Man and beastApril 26, 2011
Her friends called her Winnipeg, named for the hometown of her owner, captain Harry Colebourn, a Canadian Army veterinarian in the First World War. Winnipeg crossed the Atlantic with Colebourn, but before the captain headed off to the front, he found a home for the black bear cub at the London Zoo. No one suspected that she would come to delight millions of children over the next few decades under the now-famous nickname of ‘Winnie’. Yes, she is the bear that inspired the wildly popular Winnie-the-Pooh character by A. A. Milne! It just goes to show what kind of surprises regimental mascots have in store…
Loyal dog and royal goat
Although no mascot has risen to the same heights of celebrity as Winnipeg the bear, many others have indelibly marked the history of their regiment. This is undoubtedly the case with Gander, a Newfoundland dog forever associated with the Royal Rifles of Canada. Promoted to the rank of ‘sergeant’ by the men, he set out with his fellow soldiers for Hong Kong. One night in December of 1941, while Canadians were desperately battling Japanese forces, Gander revealed the depth of his courage: having spotted a grenade that had landed near some wounded Canadian soldiers, he grabbed it and ran towards the enemy.

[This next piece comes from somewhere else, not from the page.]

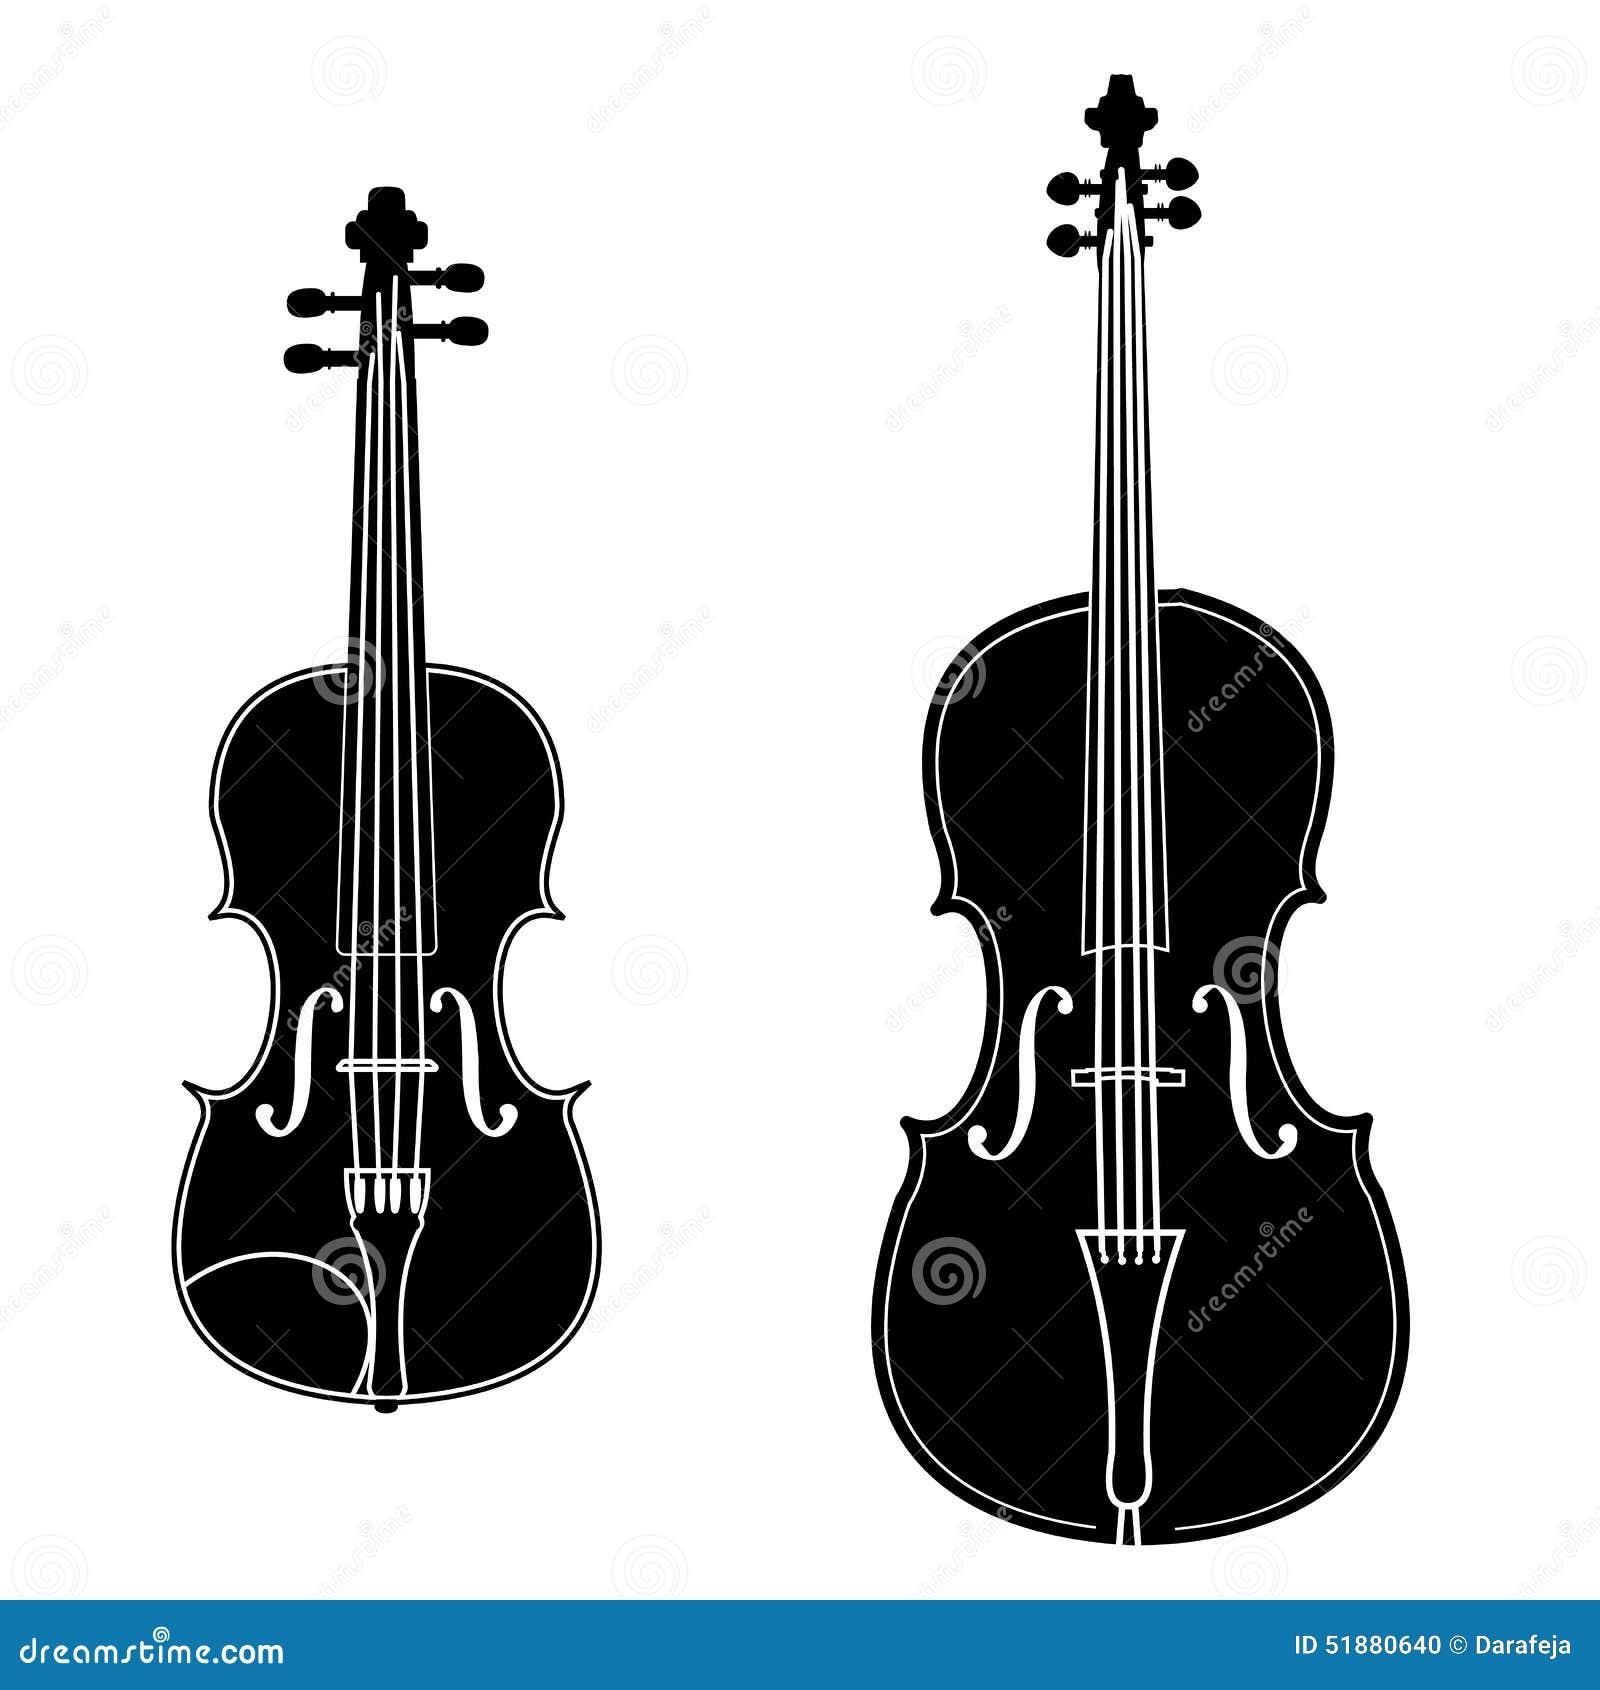 Violin Graphic Designs
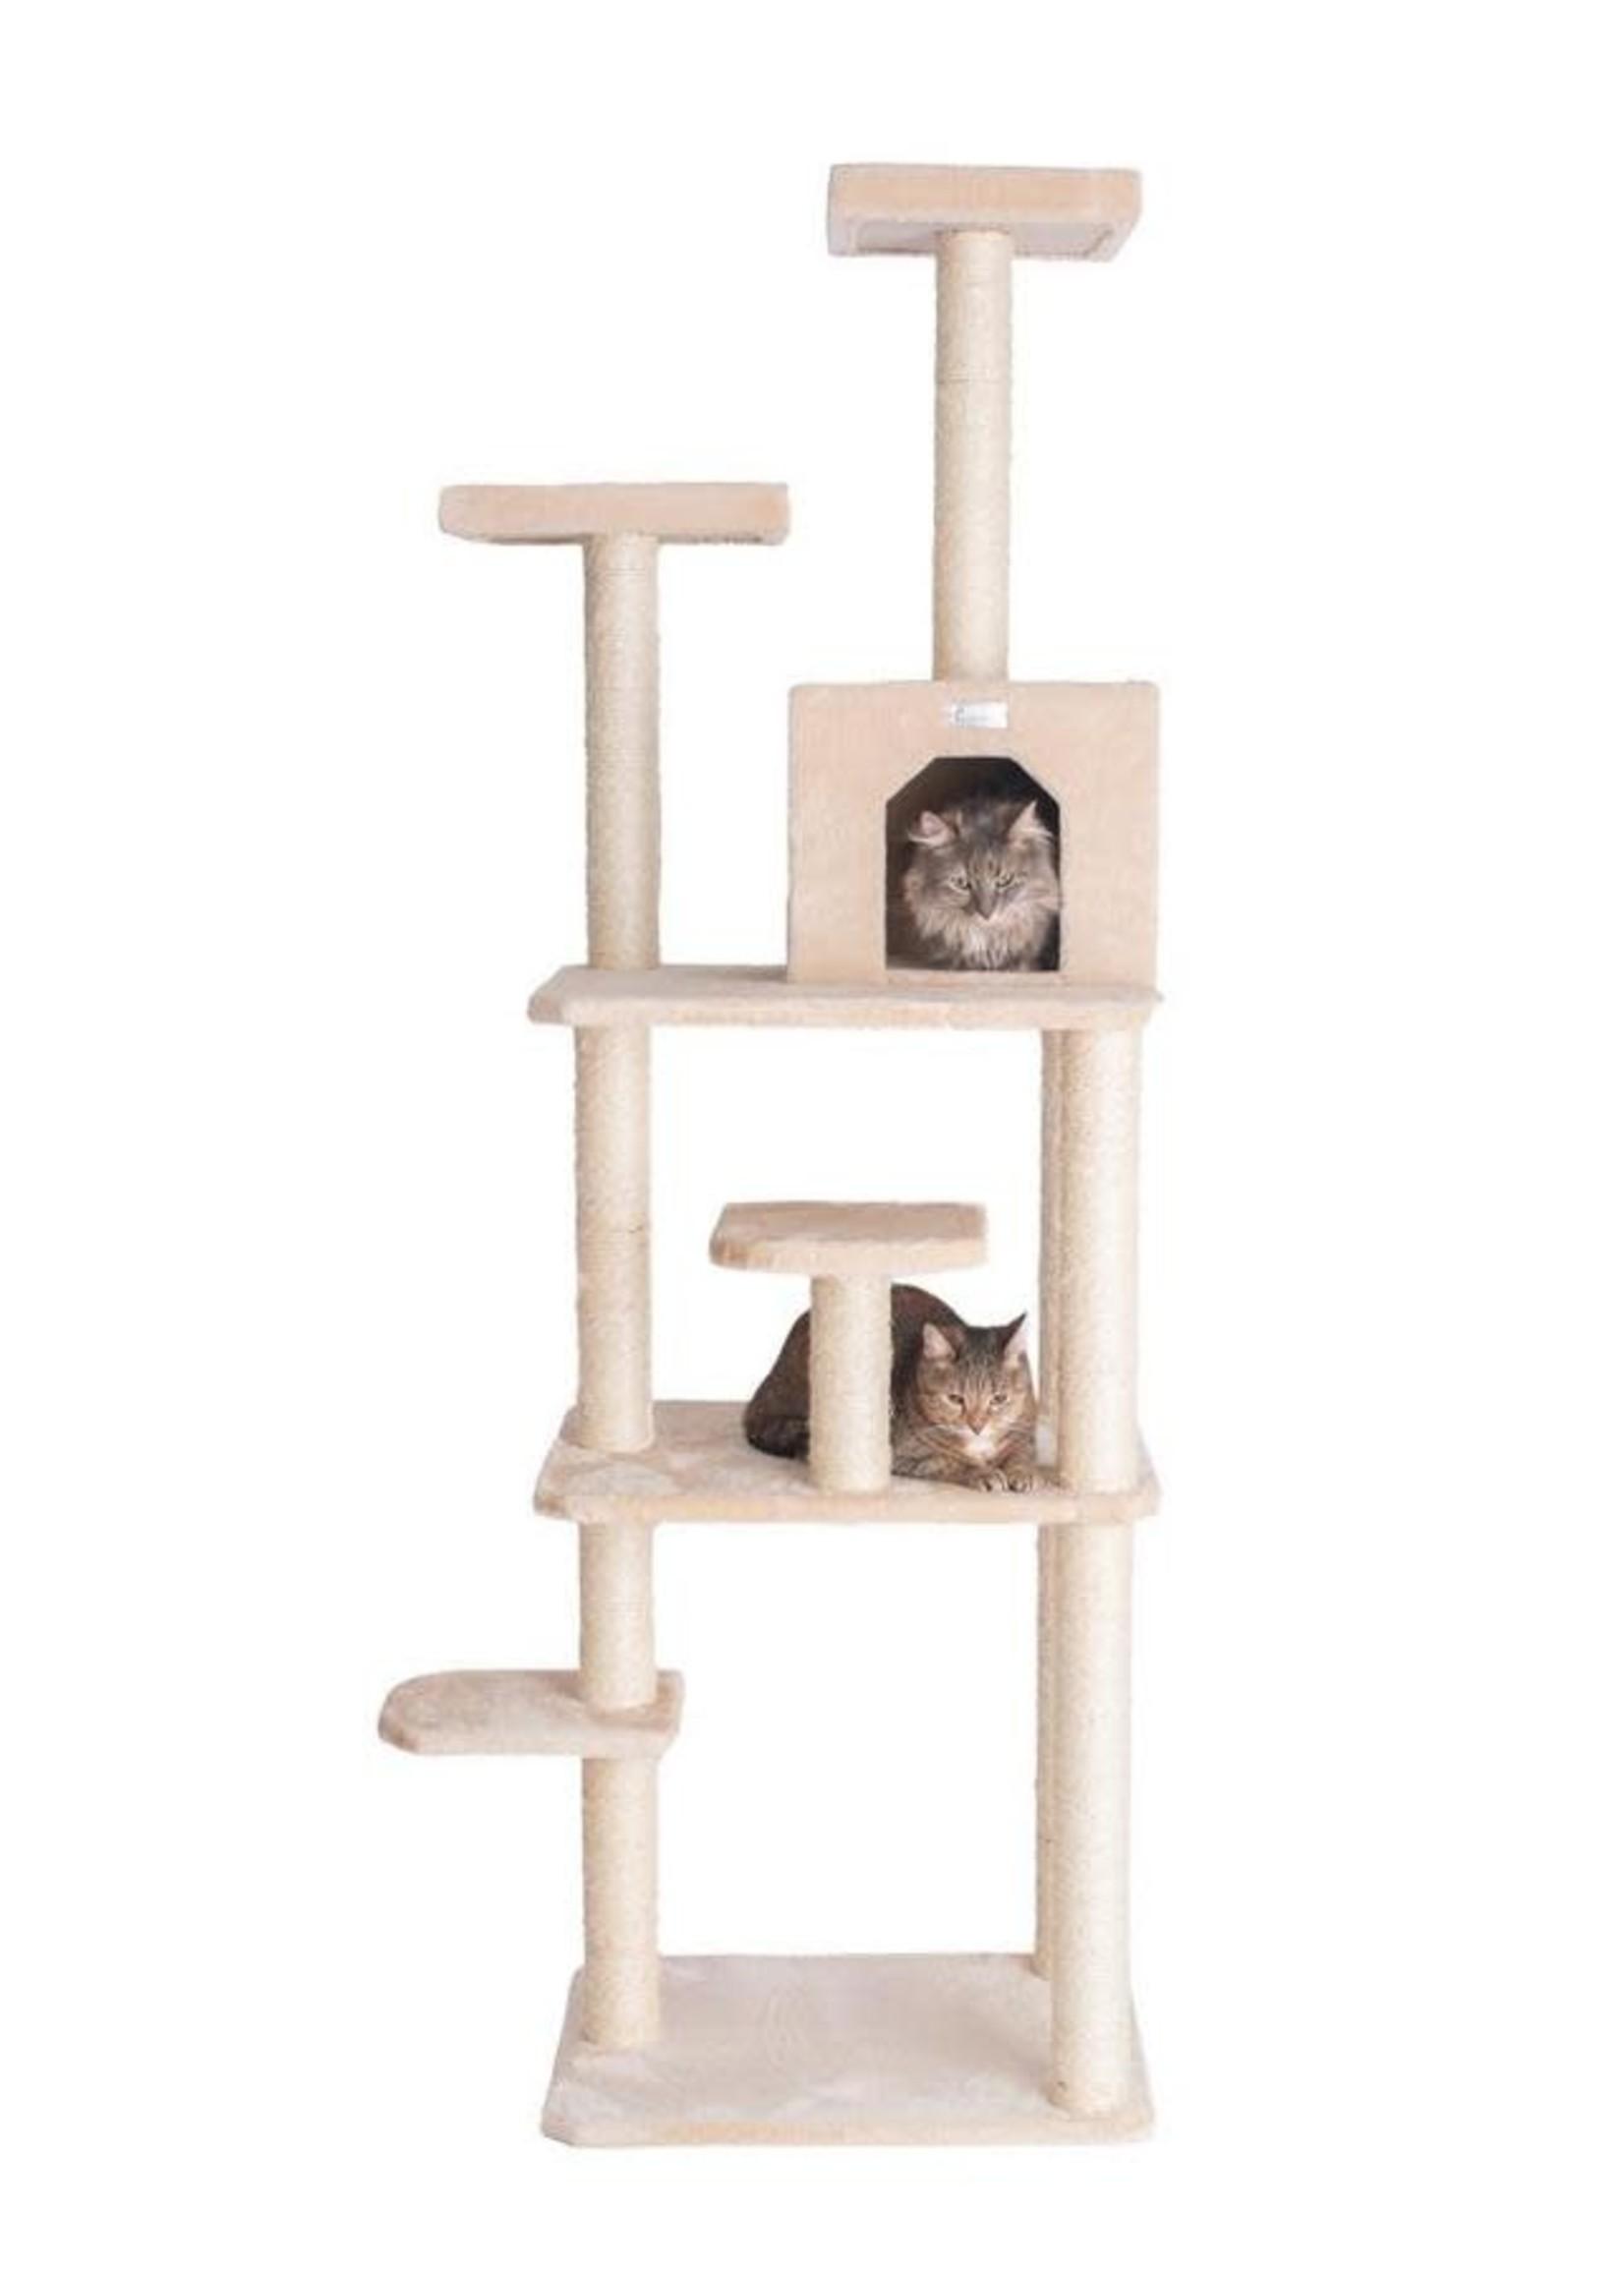 GleePet GleePet GP78740821 74-Inch Cat Tree With Seven Levels, Beige

Several soldiers were saved, but the grenade went off…
In 2000, Ottawa veterans decided to honour Gander and have him decorated posthumously with the Dickin Medal. Considered ‘the animal’s Victoria Cross’, this British decoration is awarded for ‘conspicuous gallantry or devotion to duty’ in action. Gander is the first Canadian dog to receive this medal.
There are other mascots that have risen to fame, such as Batisse the goat, who to this day guards the Quebec Citadel. As the mascot of the Royal 22nd Regiment, he is an active participant in official ceremonies and can be seen proudly parading in full regalia. The Batisse line of mascots dates back to 1955, when Queen Elizabeth II offered the regiment its first goat from the royal herd. The 10th and current successor was officially presented to the regiment by Governor General Michaëlle Jean on September 23rd, 2006. Although Batisse has never had to prove his fierceness in battle, he is nonetheless the pride of his regiment.
Several other mascots have honoured the ranks of the Canadian Army, and their stories are all quite fascinating. But what drove soldiers to take on the charge of caring for these four-legged recruits?
Military animal therapy
Imagine that you are young, healthy, in love…and war suddenly breaks out. You are drastically uprooted and depart for the front, leaving behind friends, family and fiancée. Your stiff upper lip and pride-swelled chest do little to hide feelings of inner turmoil and uncertainty. Then a small kitten, taken aboard your ship to chase rats, soon becomes a travel companion who is eager to lend a sympathetic ear in exchange for a little affection…the bond is sealed.
Some animals carried out specific ‘duties’: cats sometimes guarded provisions and dogs would occasionally act as ambulance attendants to search for wounded soldiers. Most were pets that the soldiers simply adopted for companionship. In the tumult of war, however, these creatures soon became a reassuring presence, a faithful friend, a good luck charm or a welcome distraction. Over time, the pets became full-fledged members of the regiments when soldiers came to designate them as their official regimental mascot.
Among the treasures in the Military History Research Centre is a wealth of surprising photographs: dogs, cats, goats, bears of all shapes and sizes parading proudly among military units and formations. It’s a veritable Noah’s Ark of morale-raising critters!